Authentication is the process of having the user prove that they are who they say they are - with a password, passkey, biometric, or multiple factors. This allows them to log in to the app, but outside of B2C scenarios where just logging in means you’re the “superuser” of your account, authentication is just the first stop in the authorization journey.

The ubiquitous authentication protocol these days is OpenID Connect (OIDC). OIDC defines an interaction pattern between a client (browser), a resource owner (user), an authorization server (AS), and a resource server (RS) that serves a protected resource.

In OIDC, the “authorization server” (AS) moniker is somewhat confusing, since all the AS does in the OIDC flow is mint an access token based on the user’s credentials. In other words, all it really does is authentication!

With that said, during authentication, it’s common to have the AS add a set of claims, or scopes, into the access token that it mints on behalf of the user. These claims or scopes represent group memberships, or coarse-grained capabilities that the resource server (RS) can interpret as permissions. So yes, the OIDC authentication ceremony can include a form of authorization after all.

The benefit of this approach is that a resource server can check whether the access token has a certain permission before granting or denying certain kinds of operations, without having to check back with any other system. In other words, the bearer token minted by the IDP carries a set of permissions with it, which are “guaranteed” to be good before the token expires.

But how does the AS know what scopes / claims to add to the access token? This is where an externalized authorization service can come in handy.

Authorization: Policy decision points (PDPs)

So far we’ve stuck with OAuth 2.0 and OIDC terminology, but the authorization world has a different set of terms to describe the actors involved in determining whether a user has a permission on a resource.

OAuth 2.0 (which is the protocol foundation of OIDC) already uses the term “Authorization Server” to describe the service that mints an access token (the result of a successful authentication). To eliminate any ambiguity, we’ll use the term “policy decision point” (PDP) to describe a service that can answer the question “does user U have permission P on resource R?”

The PDP typically operates downstream from the authentication ceremony, and is invoked by a policy enforcement point (PEP). Translating to OAuth terminology, the PEP is typically the resource server (RS).

Once a user is logged in, the RS (acting as a PEP) can ask a PDP whether the user represented by the access token has a particular permission on a specific resource before granting or denying access to that resource.

What’s the benefit of externalizing authorization logic out of the RS and into the PDP? It’s basically the same benefit as externalizing authentication to an IDP. Your app can rely on a purpose-built architectural component to perform authorization consistently. You can also do it in a standards-compliant manner - just like the OpenID Foundation defined the OpenID Connect standard for authentication, it is now working on the AuthZEN standard for authorization.

PDPs can also search

In addition to answering the permission question, many PDPs can also answer questions like “what resources of a certain type does a user have access to?” A common example is to enumerate the groups that a user is a member of.
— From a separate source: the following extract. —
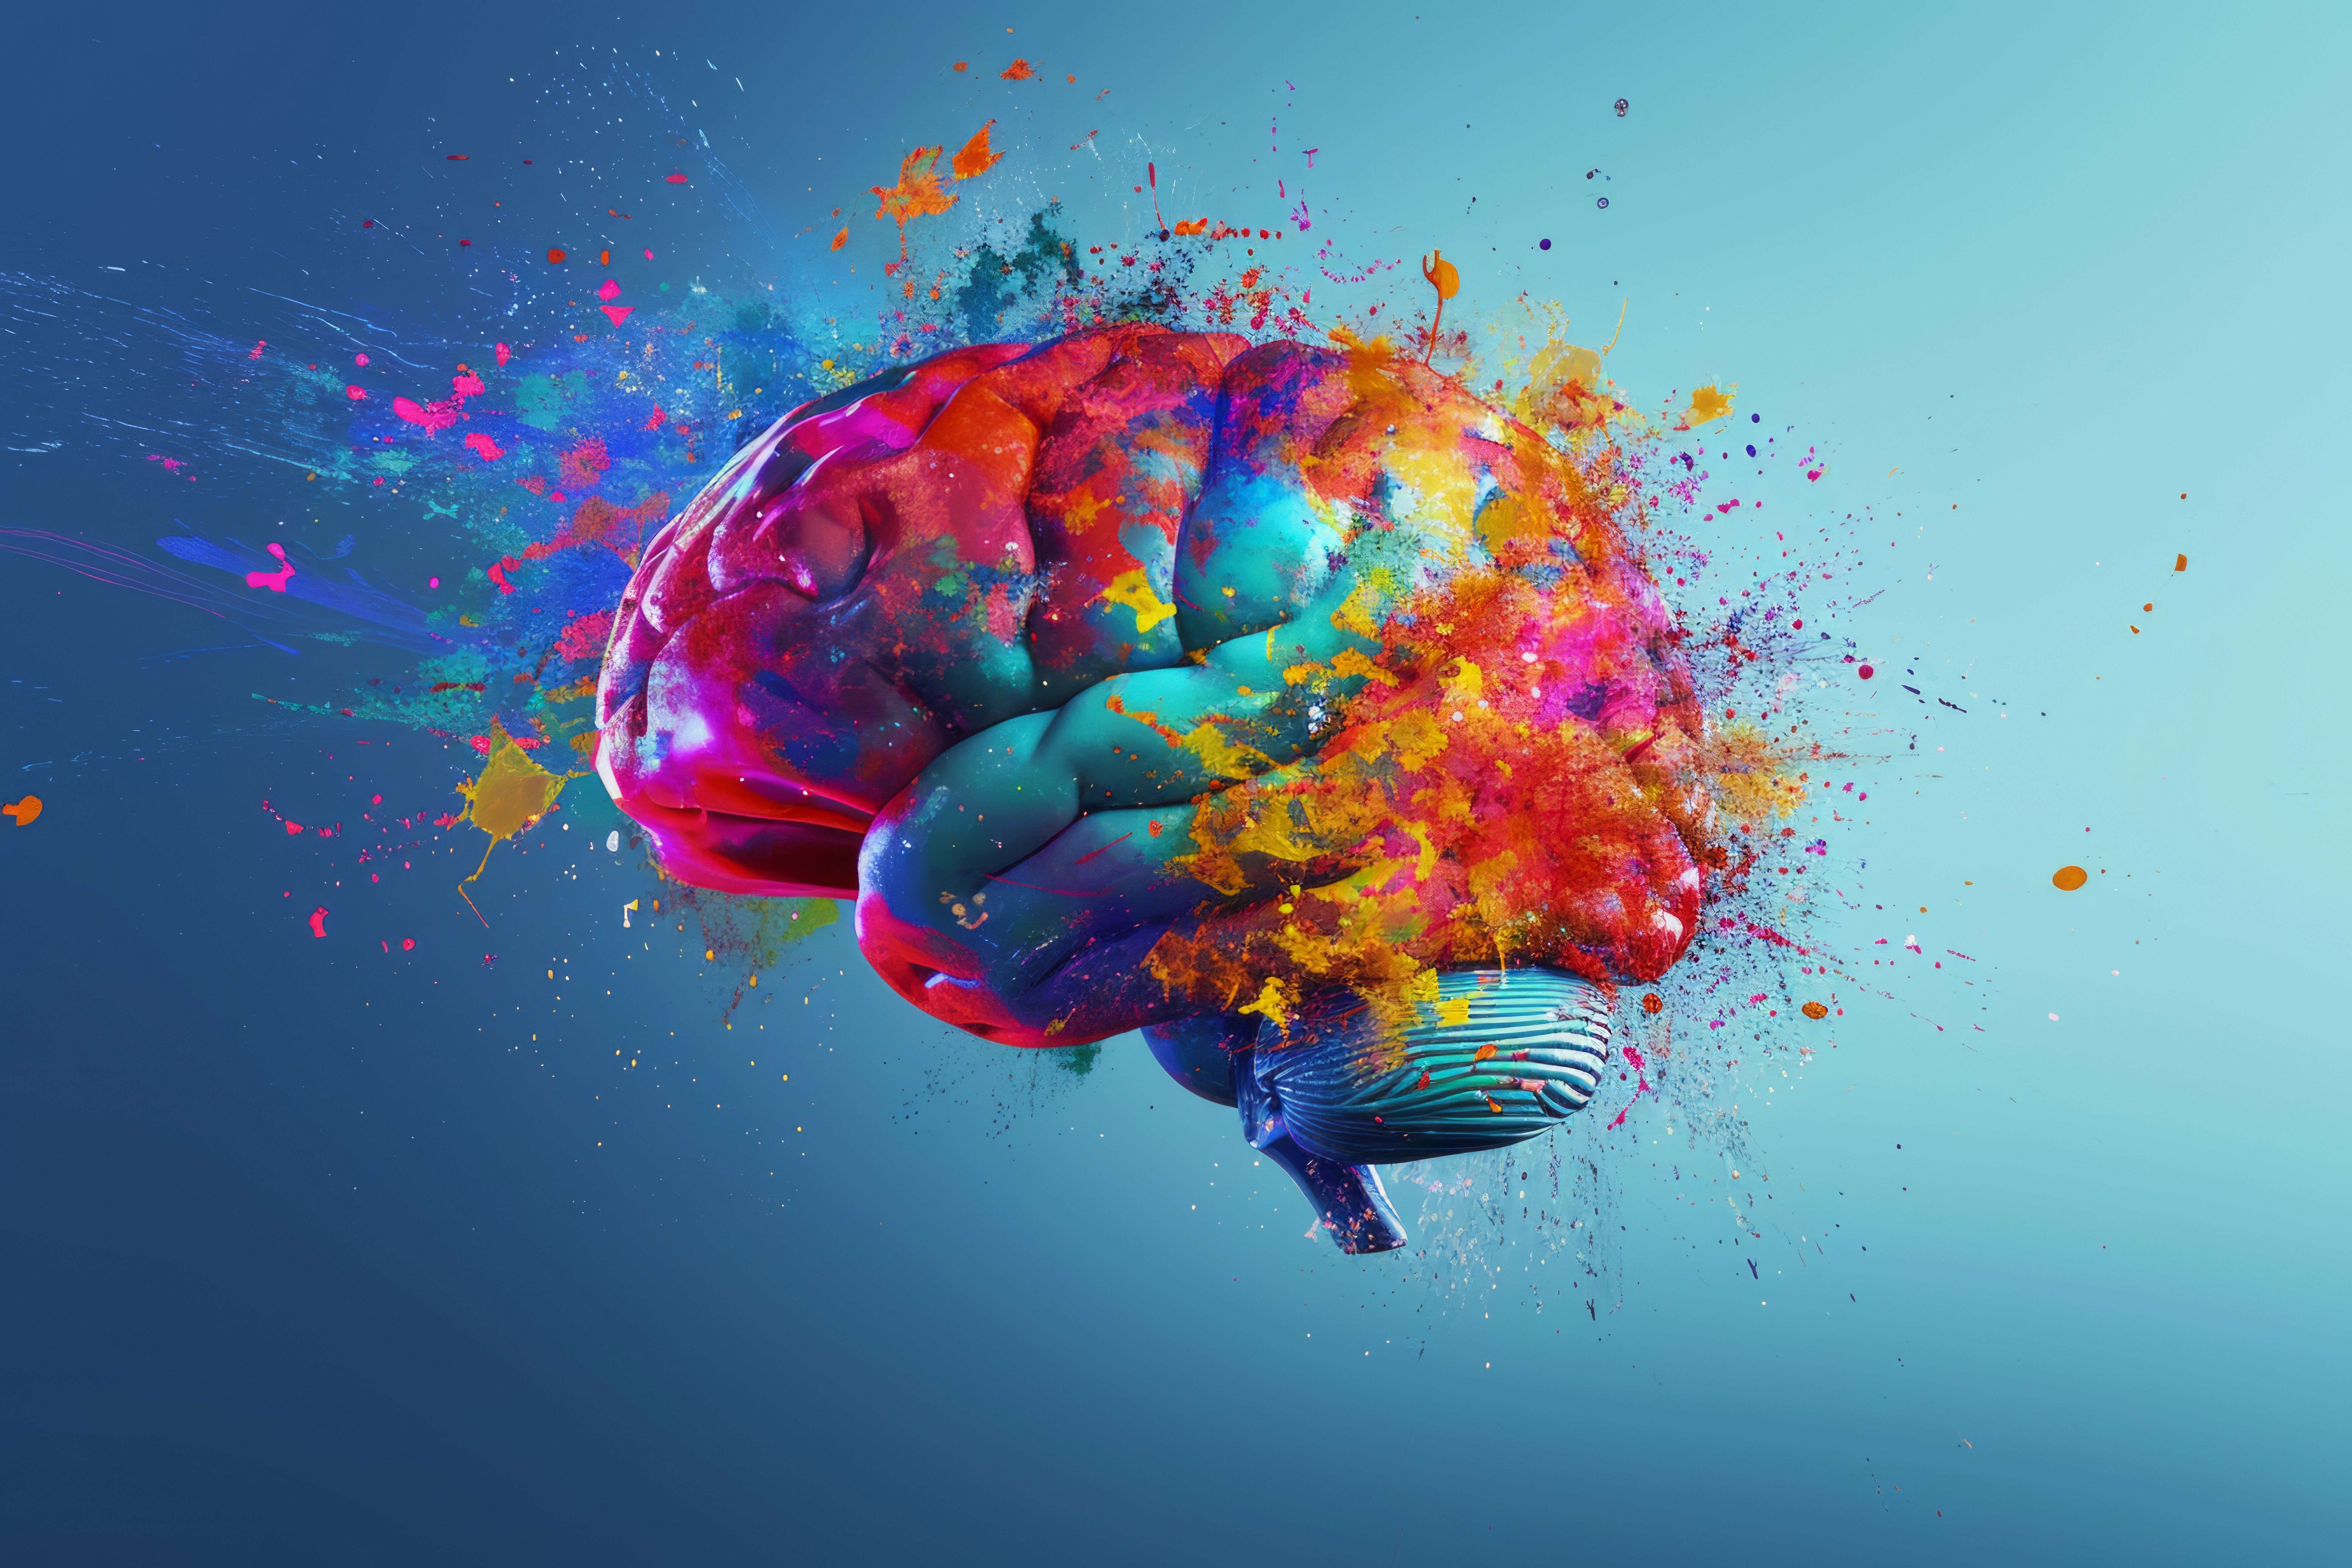 Children and adults with SCD can exhibit various cognitive deficits or neurological injury that could be related to their disease | image credit: Werckmeister - stock.adobe.com

More on this soon…

PDPs can be invoked from multiple enforcement points

One of the most powerful aspects of externalizing authorization to a PDP is that you can use the same PDP with any number of policy enforcement points (PEPs).

Now that we have all the terminology defined, we can get specific about what those enforcement points are.

#1: Enforcement during the authentication ceremony

The first enforcement point to consider is the authorization server (AS) from the OIDC flow. For example, the AS can make a call to a PDP to determine which groups the user belongs to, and add those groups as claims in the access token that it mints on behalf of the user.

So far, so good. We can enrich an access token with additional information, such as roles and group membership, that helps the RS determine whether a user can perform an operation.

But what about enforcing access to specific resources? When you log in to Google Drive, the Google AS doesn’t figure out which documents you have access to, and stick those in the access token. This is because of three reasons:

• You could have access to many documents. Figuring out which may take a long time!
• Access tokens have size limits. Even if you could find out which documents you have access to in a reasonable amount of time, chances are you can’t express all of them as scopes in an access token.
• As soon as you minted the access token, it would contain stale information, since fine-grained permissions in Google Drive can change rapidly, certainly faster than the typical lifetime of an access token.

In other words, the collaboration model for Google Drive is not a good fit for the authorization model supported by scopes or claims embedded in an access token.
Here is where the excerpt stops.